I hope we can interact in the future.

I am 100% biased, I had long and ugly interactions with Peter Woodland (aka Tumby of Hotcopper) and a dozen or so Queensland tradies (do they all hang out at the same pub?) who got very angry, very aggressive, and very threatening while they were pumping this shamelessly through 2020 and 2021 - moving in the same circles as people like Tyson Scholz.

And management enabled them at every, single, turn.

I agree with you though, that at this valuation it is compelling. Especially if we all understand this isn't a $250-500m stock any time soon then no one gets hurt!

Not a good look, you're absolutely right. I believe we are not defined by one action, or inaction. But you would certainly hope that people learn from experiences like that, because it is certainly distasteful.
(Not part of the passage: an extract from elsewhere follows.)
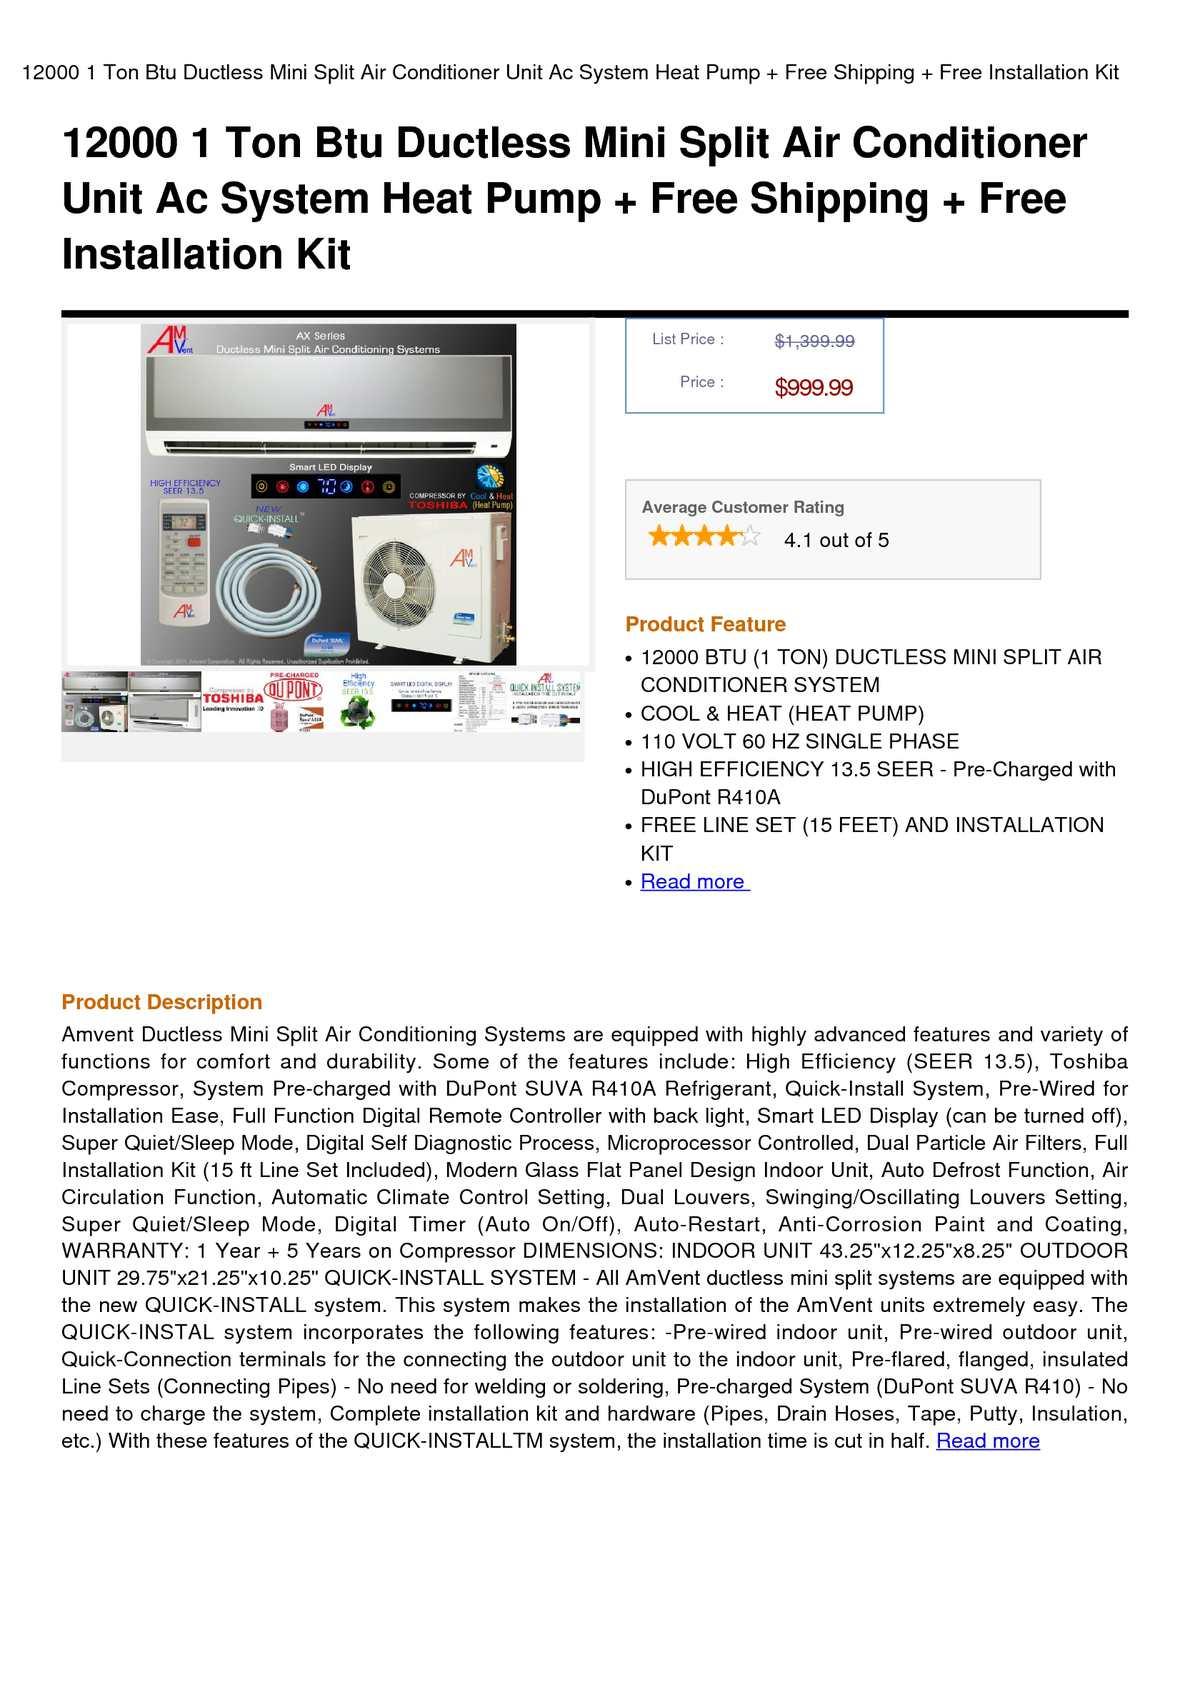 Calamo 12000 1 Ton Btu Ductless Mini Split Air Conditioner Unit Con Wiring Diagram Ac System Heat Pump Free Shipping Installation Kit

I hope the new inclusions into the company provide some greater leadership. ????

Some words from the CEO, particularly around near term opportunities.

Last company to present.

https://youtu.be/G9hXc2IiFNg?si=WxDXLflvH_eRa1bi

Comments:

Contracts sole sourced - no competitors.

Customer churn - zero.

POC win ratio - greater than 95% success rate.

POCs won - waiting on budget allocations.

Kojensi clients - SAP, Thales, Rheinmetall, SAFRAN, Hanhwa, TOLL, babcock, etc.

Margins - increasing in line with revenue base shift from services to licence-based.

Cashflow - neutral to positive being targeted.

If these comments are all true - the value of the business will be materially higher, and justify the oft-spoken about re-rate.